Немного погодя из тумана показалась фигура человека; он шел, прижимая ружье к груди наподобие саза, и с видимым удовольствием напевал:
Пусть в этом мире гость поэт,
Но им стоять мильоны лет,
Поверь: любовь твою, Самед,
Не предадут забвенью горы!

- Самед, дорогой, пора ехать, все равно из такой охоты ничего не получится. Спустимся вниз, в Гарачайлы, пока не утонули в этом тумане.
- Ну что ж, Длинный, дело говоришь. Поехали. А Короткий уже в машине?
Обоих спутников поэта звали Аллахъярами, но одного взгляда было достаточно, чтобы понять: кто из них Длинный, а кто - Короткий. И на прозвища свои, поскольку те исходили от Самеда Вургуна, они не обижались.
Шофер прикорнул на переднем сидении, прикрыв лицо полой поношенной курки. Поэт с напускной сердитостью постучал стекло:
- Ну и лентяй ты, Толя. А может, тебя снотворное из той бутылки усыпило?
- Клянусь, ни грамма не принял! - протестующе изрек шофер. - Просто воздух здесь такой здоровый, все время в сон клонит.
- Ладно-ладно, ты же не внук святого Исы... Поехали!
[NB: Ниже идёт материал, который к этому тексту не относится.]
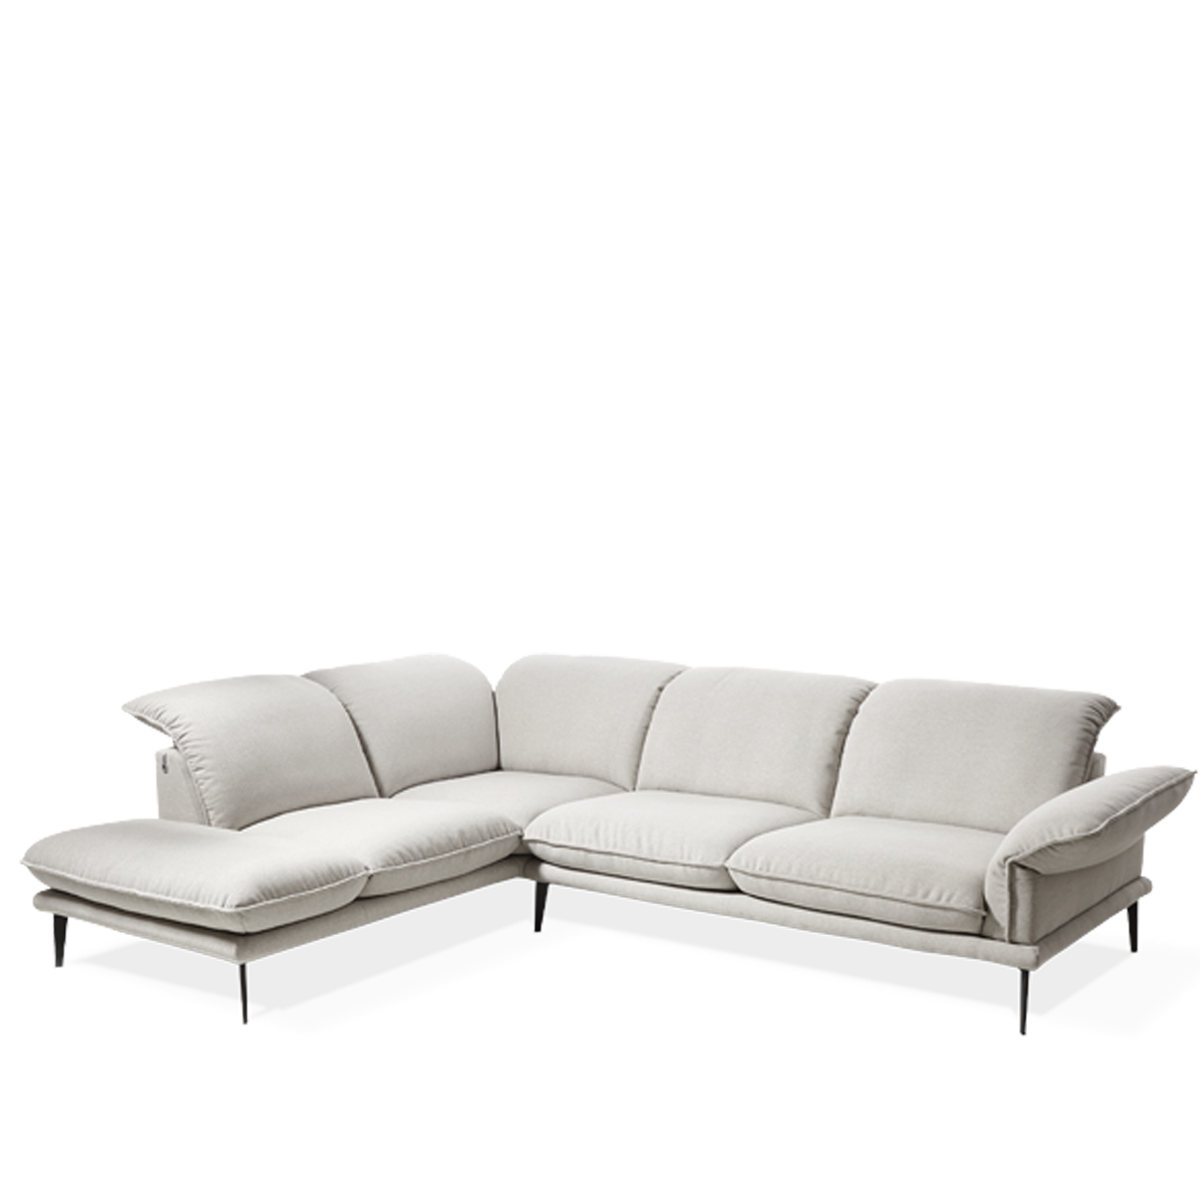 w schillig ecksofa sherry 24600 in l form mit hockerabschluss links. Black Bedroom Furniture Sets. Home Design Ideas
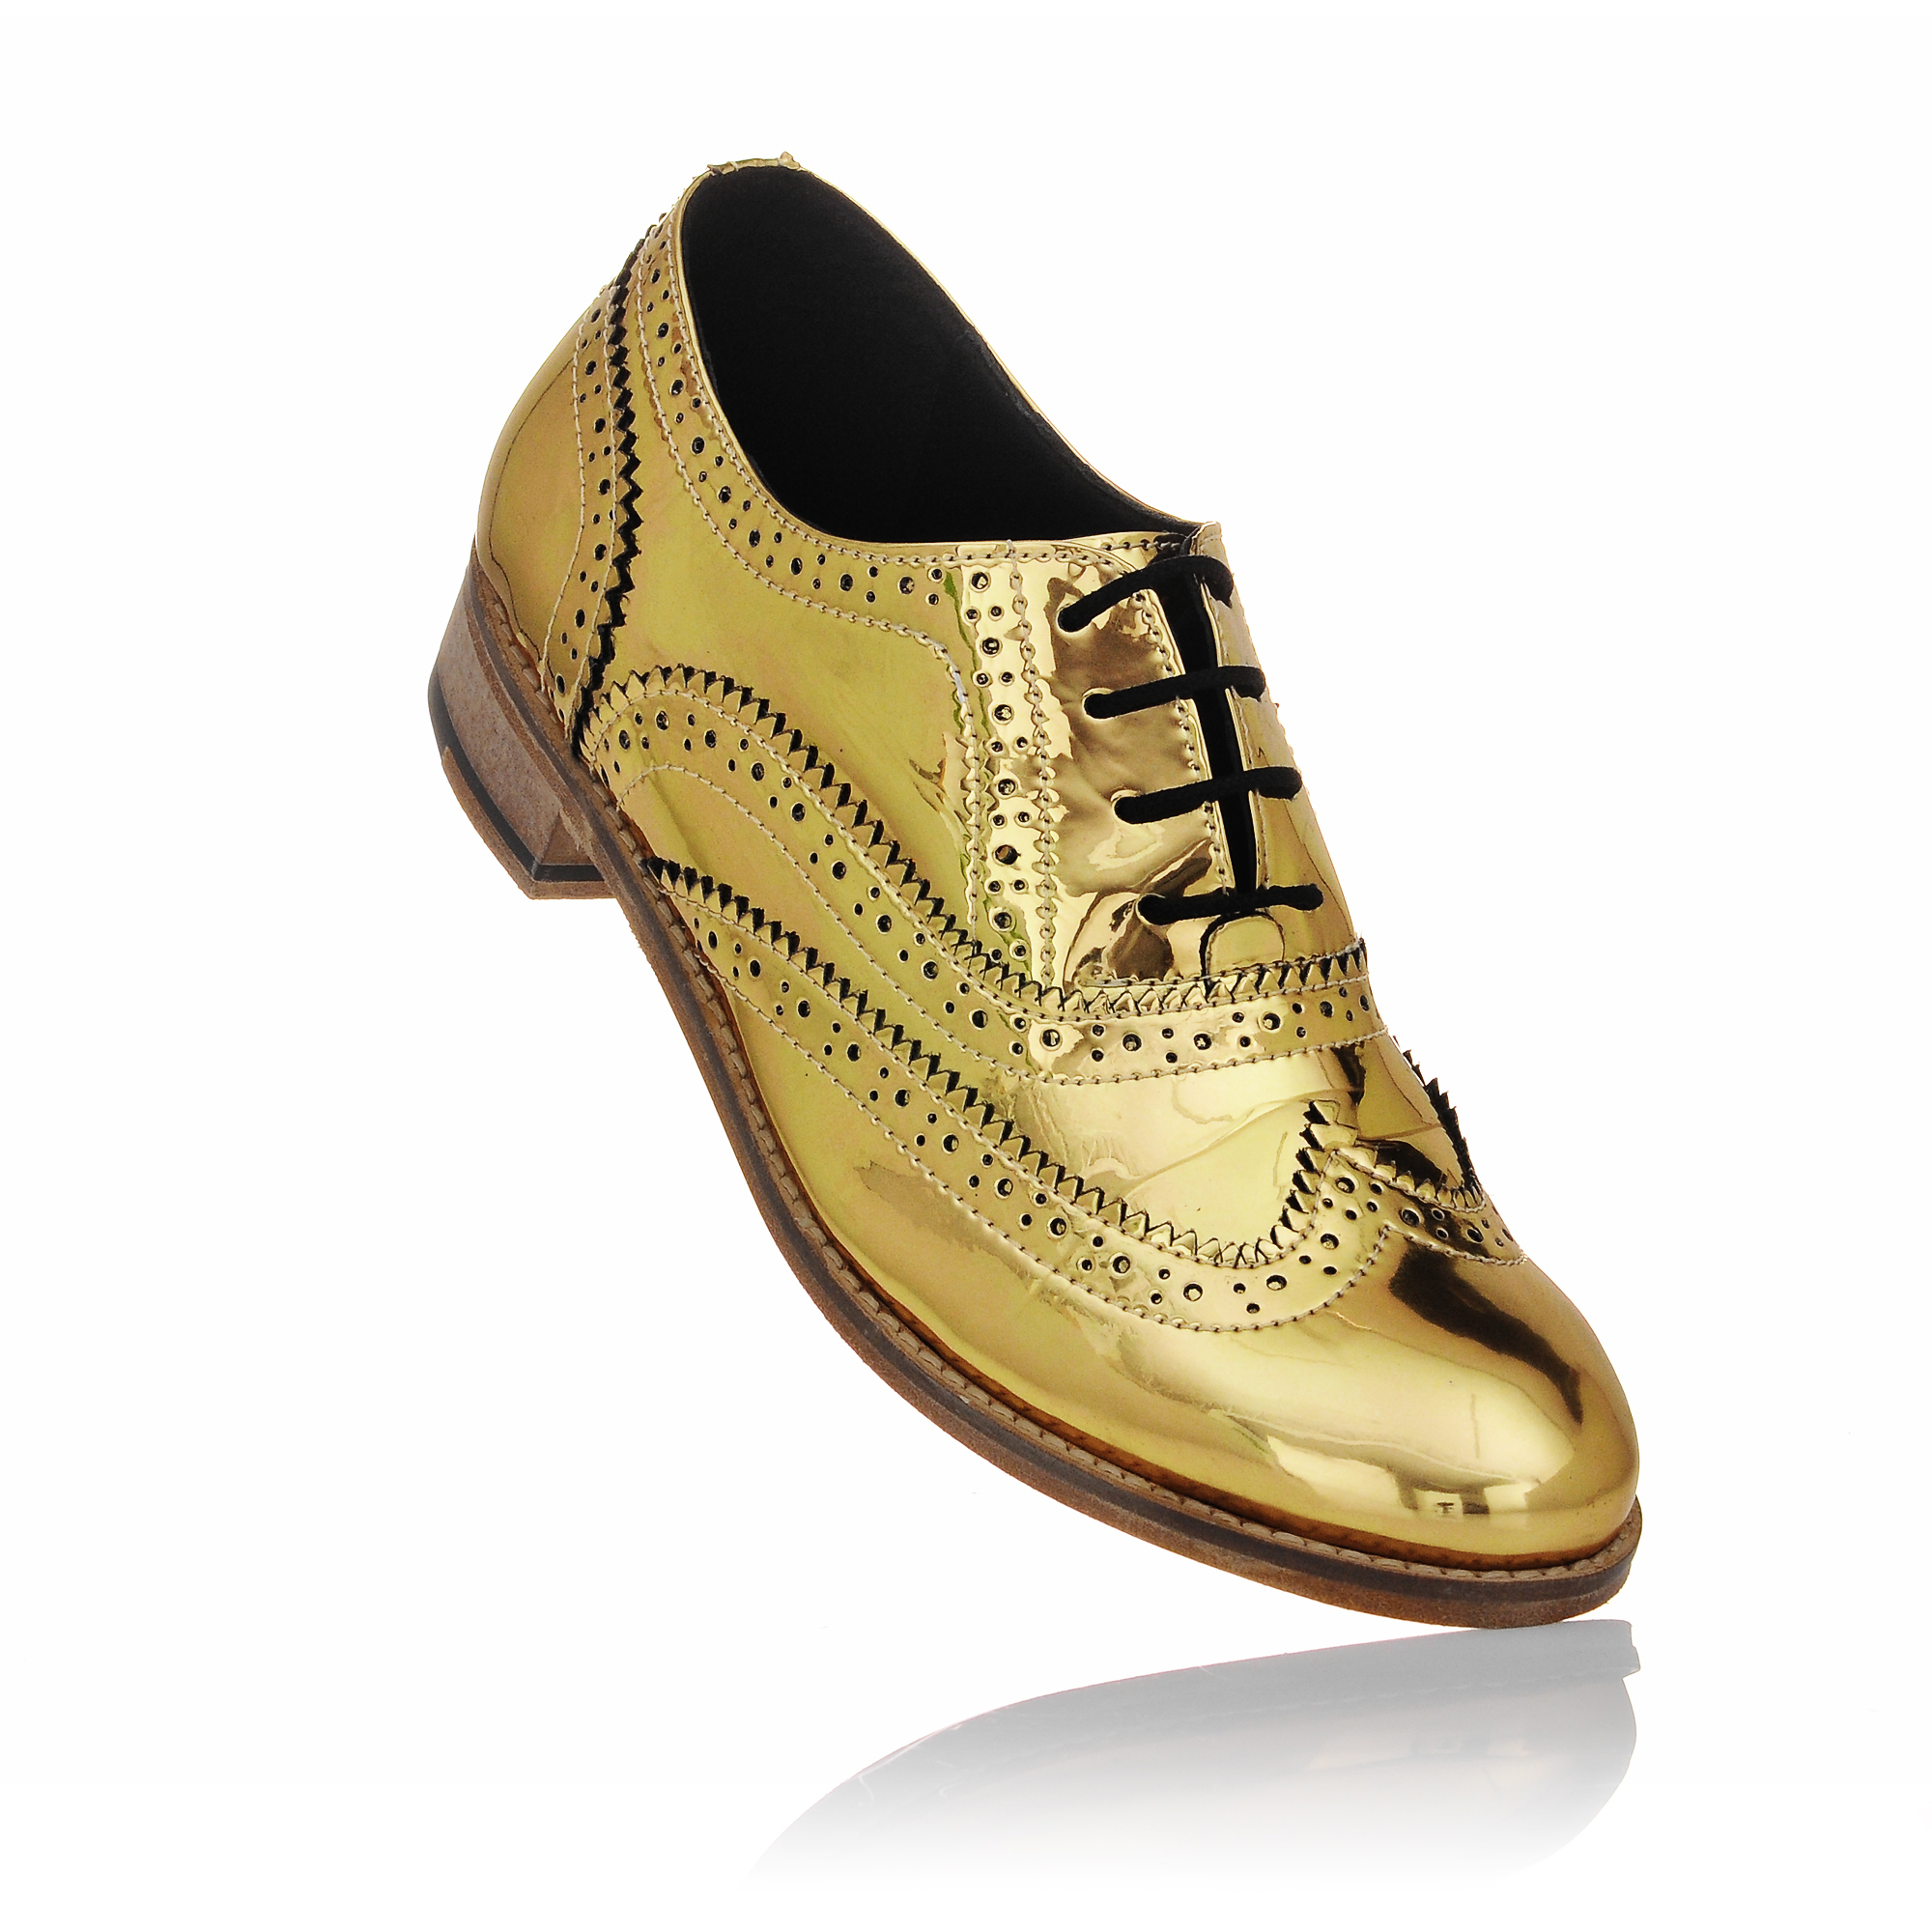 luke grant muller s chrome gold metallic brogue shoes

Расселись по местам: поэт - впереди, а Длинный с Коротким - сзади, и машина тронулась. Перевалили через холм, начали спускаться в долину. Здесь было сухо, туман остался позади. Длинный с Коротким подремывали, поэт задумчиво курил, глядя в окно. Мимо плыла солончаковая, с редкими островками зелени Муганская степь. Поэт вспомнил, как семь лет назад, еще до войны, пришли сюда люди, чтобы превратить ее в цветущий сад. Но война помешала им. Многие, очень многие ушли на фронт, а сколько из них вернулось?.. Вот почему-то пока здесь все остается, как было...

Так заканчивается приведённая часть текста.